■ What is being asked
Write out an exact copy of the line containing "Static exhibit of" and all lines that follow it in the data below, leaving out pictures.

■ Recorded data
· · ·

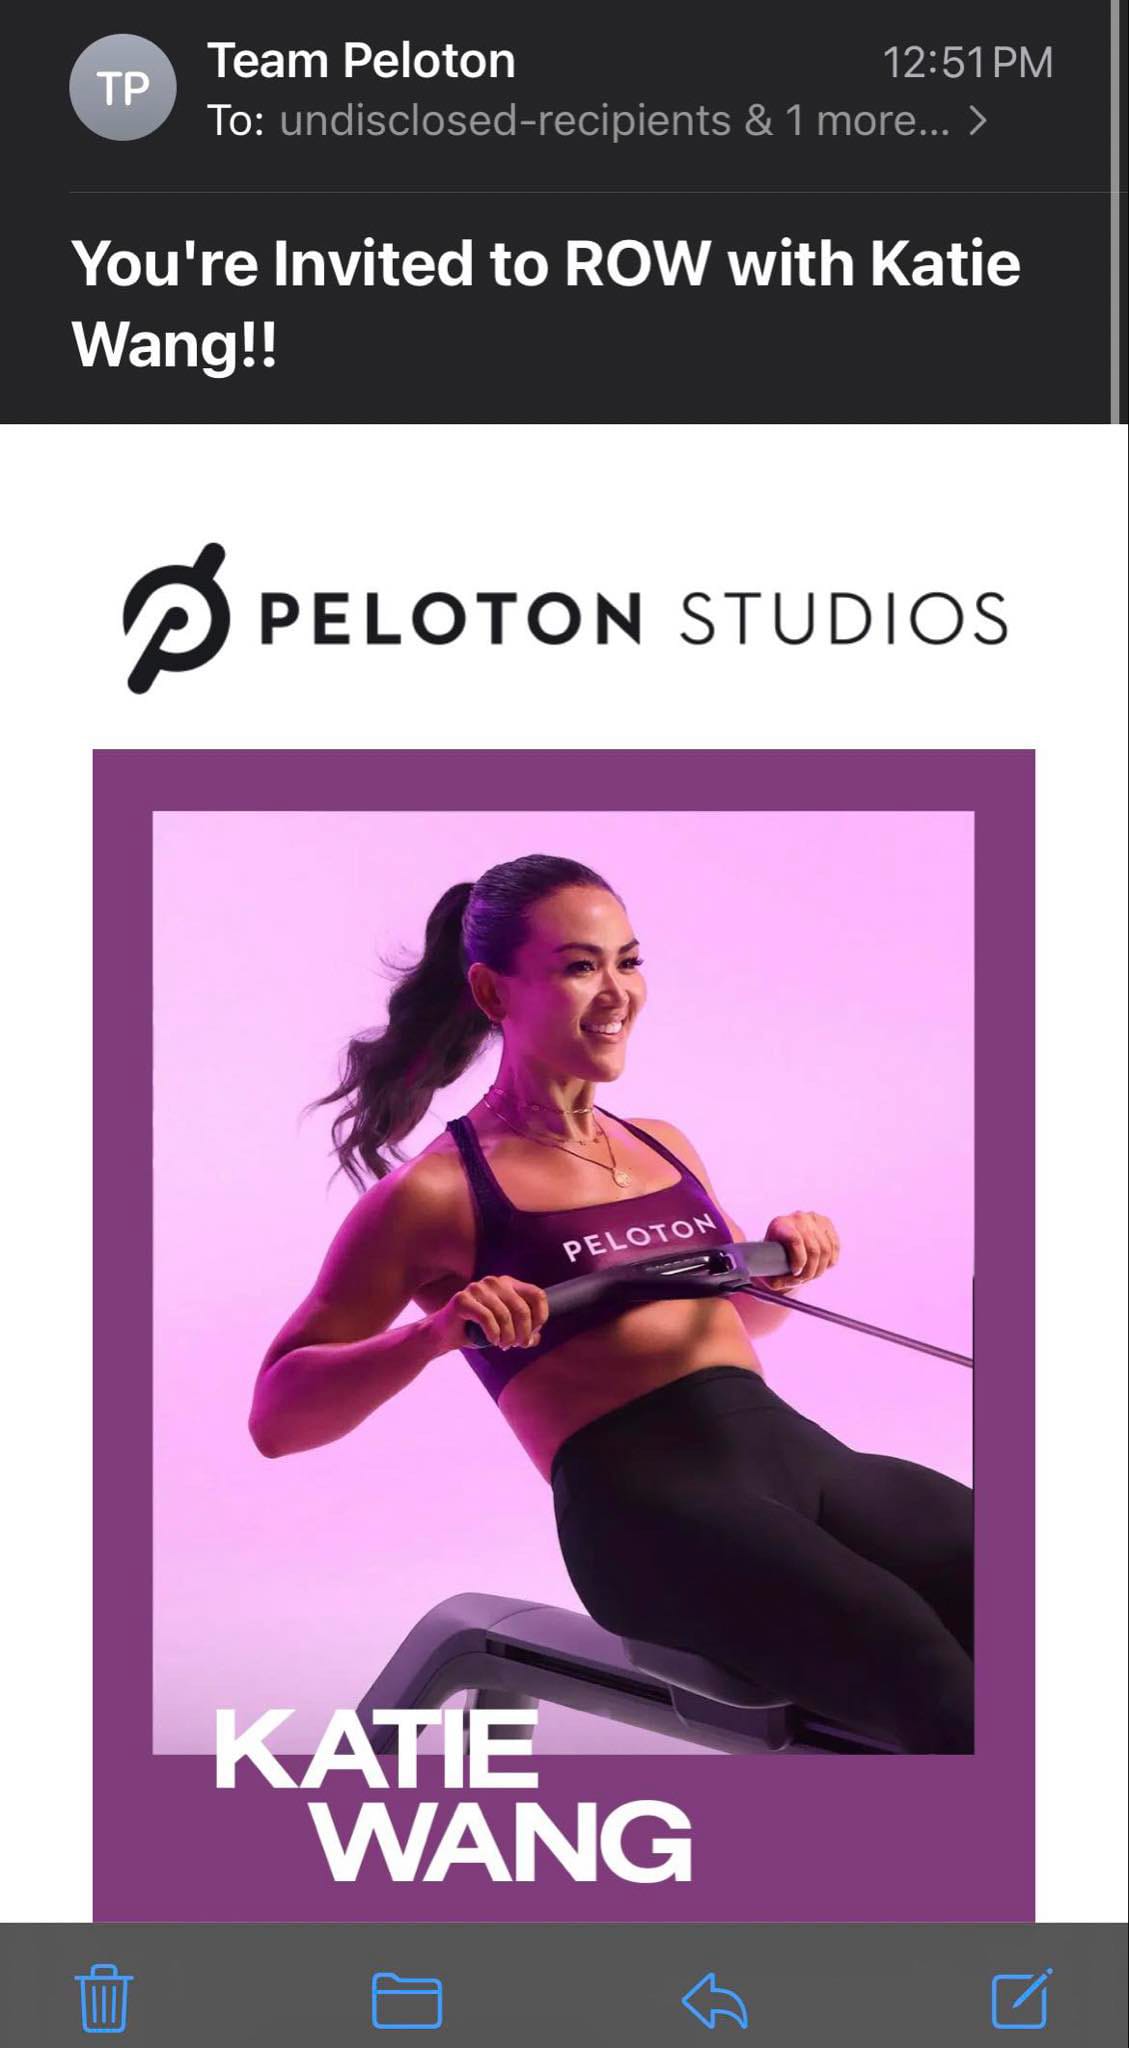 Peloton email inviting members to book a spot in a live rowing class at PSNY.
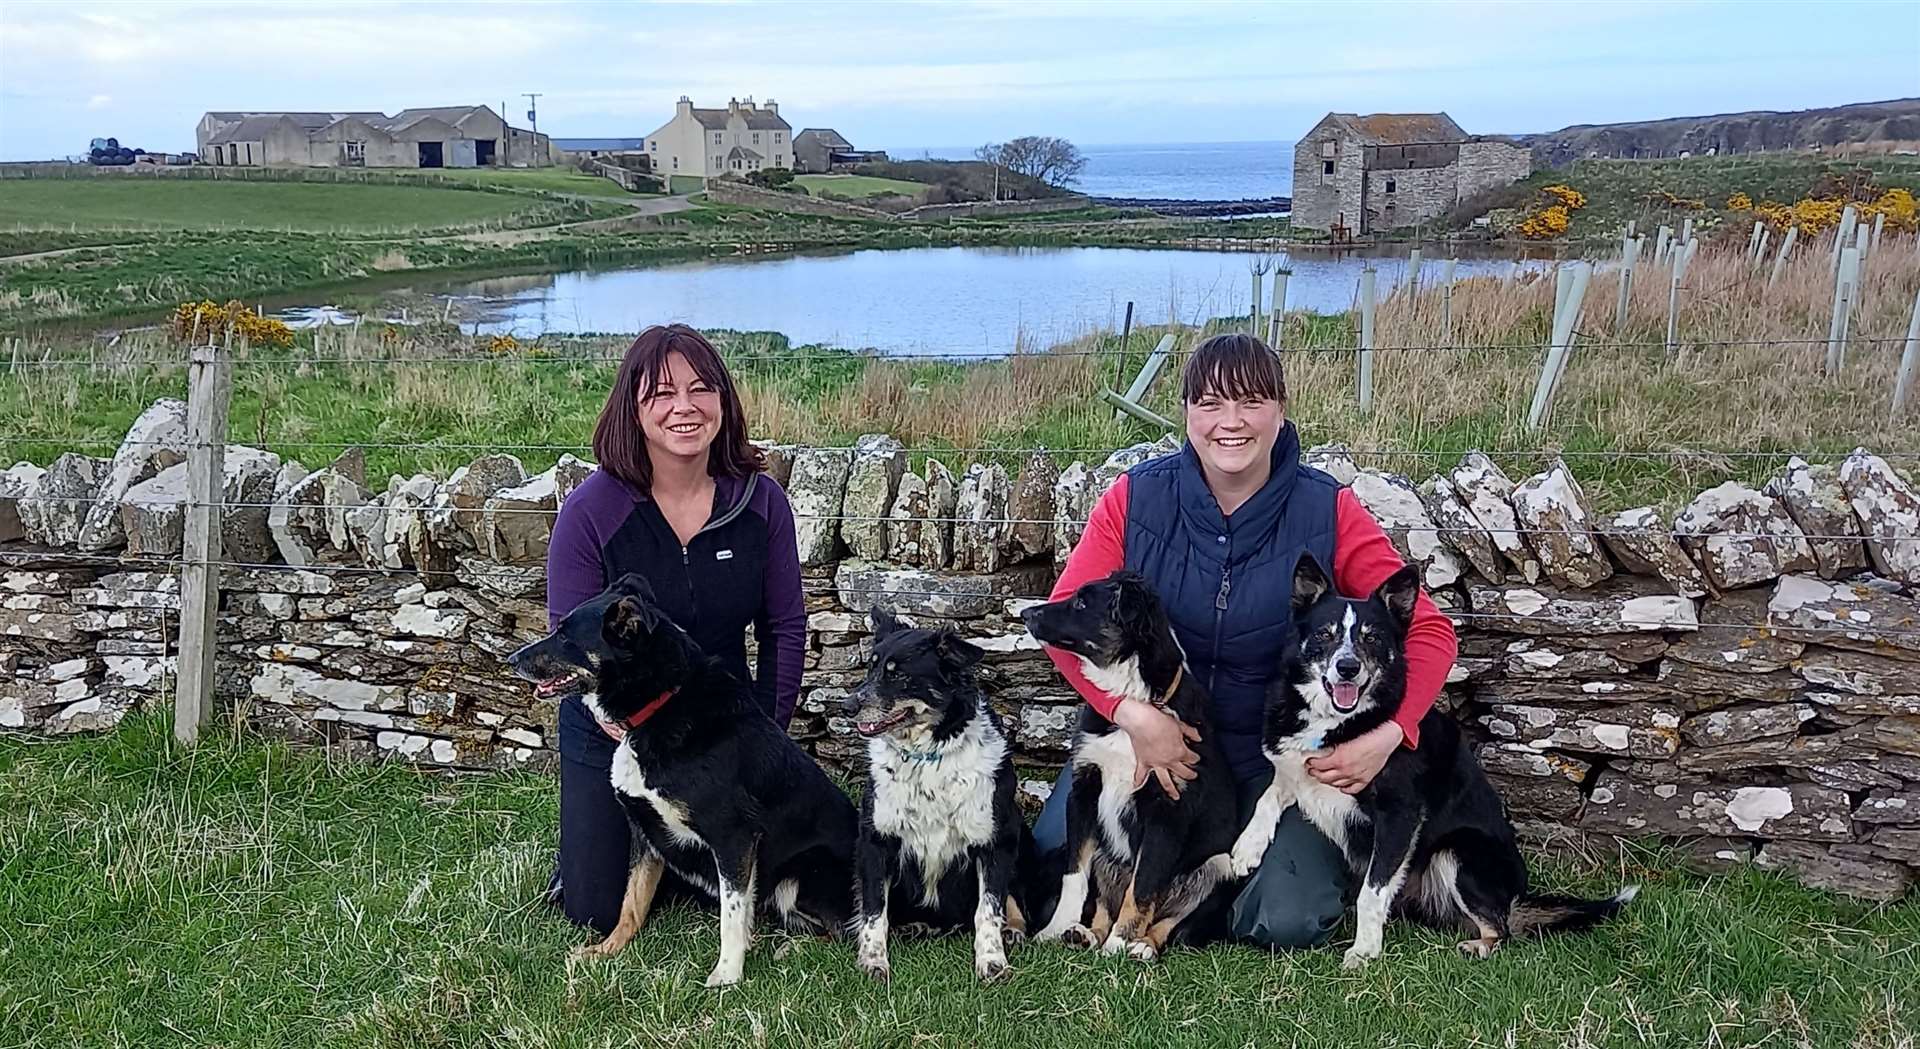 Sheepdog trials organisers Tina Coghill Robertson (left ) and Kirsteen Thorburn take a break, with Ham Farm in the background.
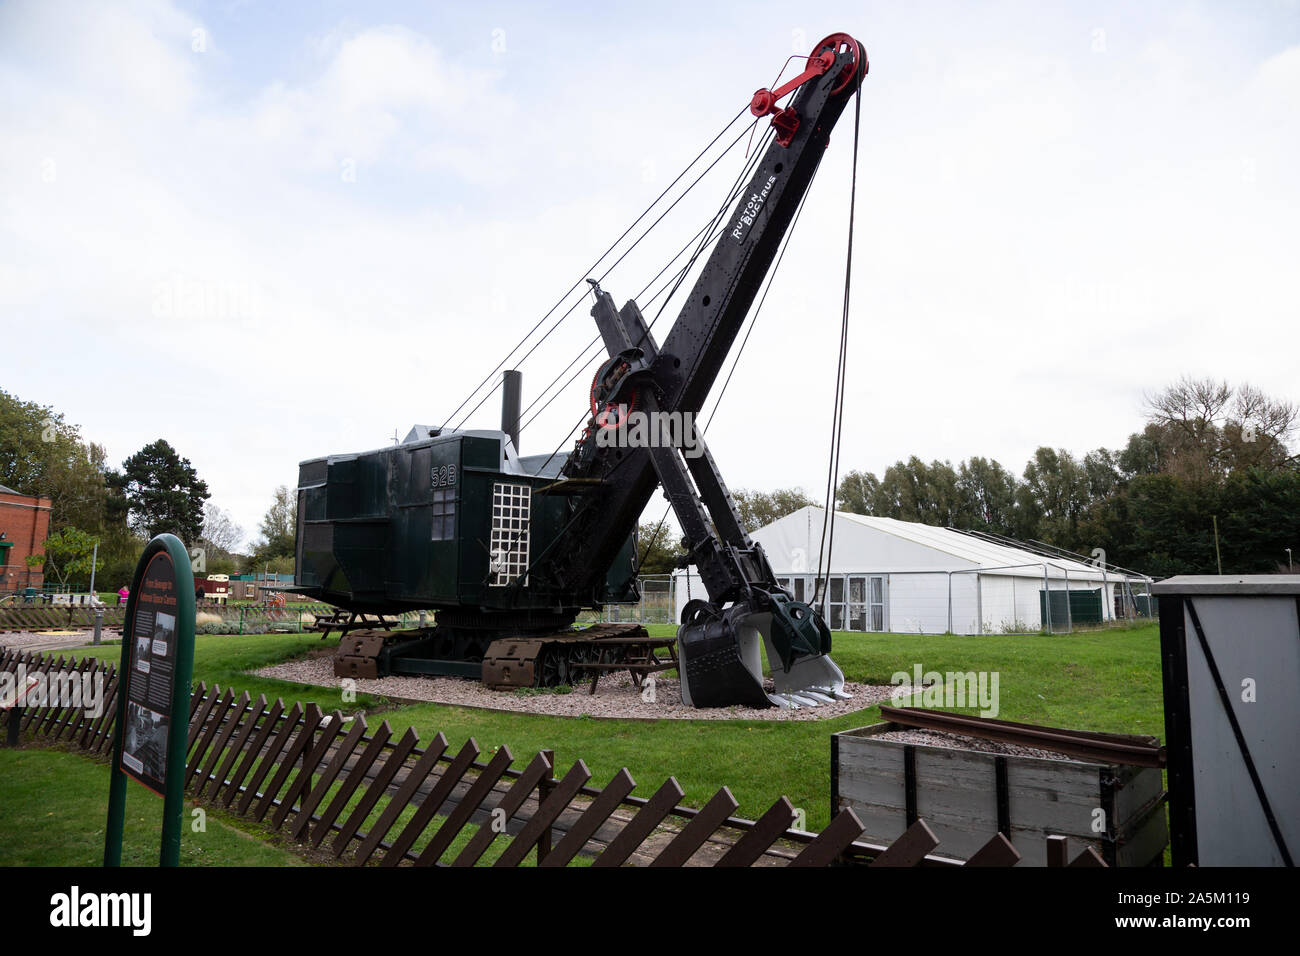 Static exhibit of a Ruston Bucyrus 52B Steam Quarry shovel on display at Abbey Pumping Station, Leicester Stock Photo
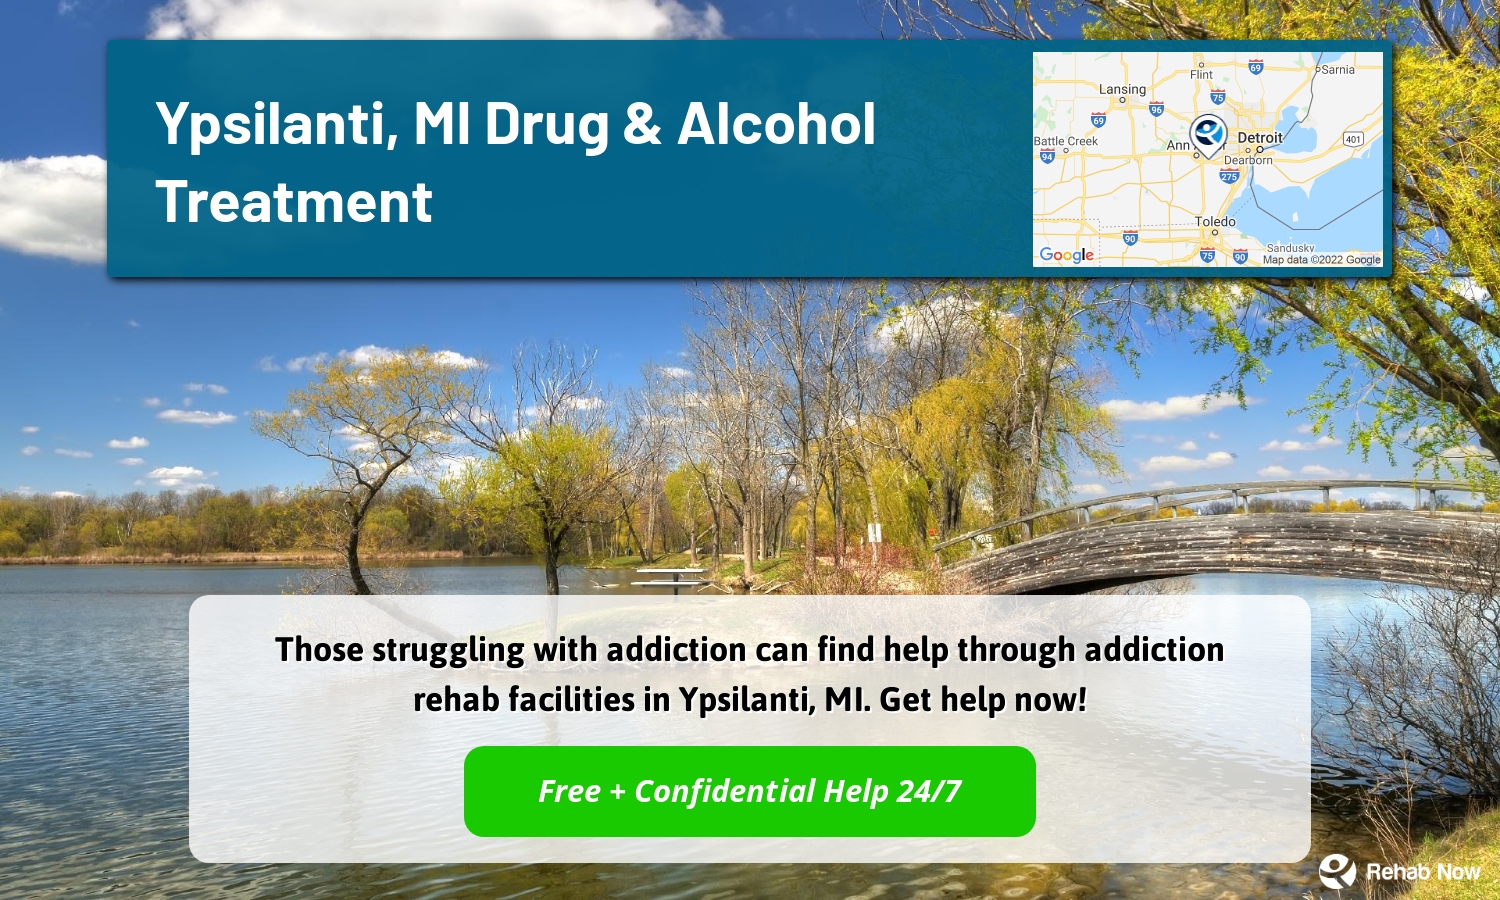 Those struggling with addiction can find help through addiction rehab facilities in Ypsilanti, MI. Get help now!

· · ·

■ Written reply
 Static exhibit of a Ruston Bucyrus 52B Steam Quarry shovel on display at Abbey Pumping Station, Leicester Stock Photo
 Those struggling with addiction can find help through addiction rehab facilities in Ypsilanti, MI. Get help now!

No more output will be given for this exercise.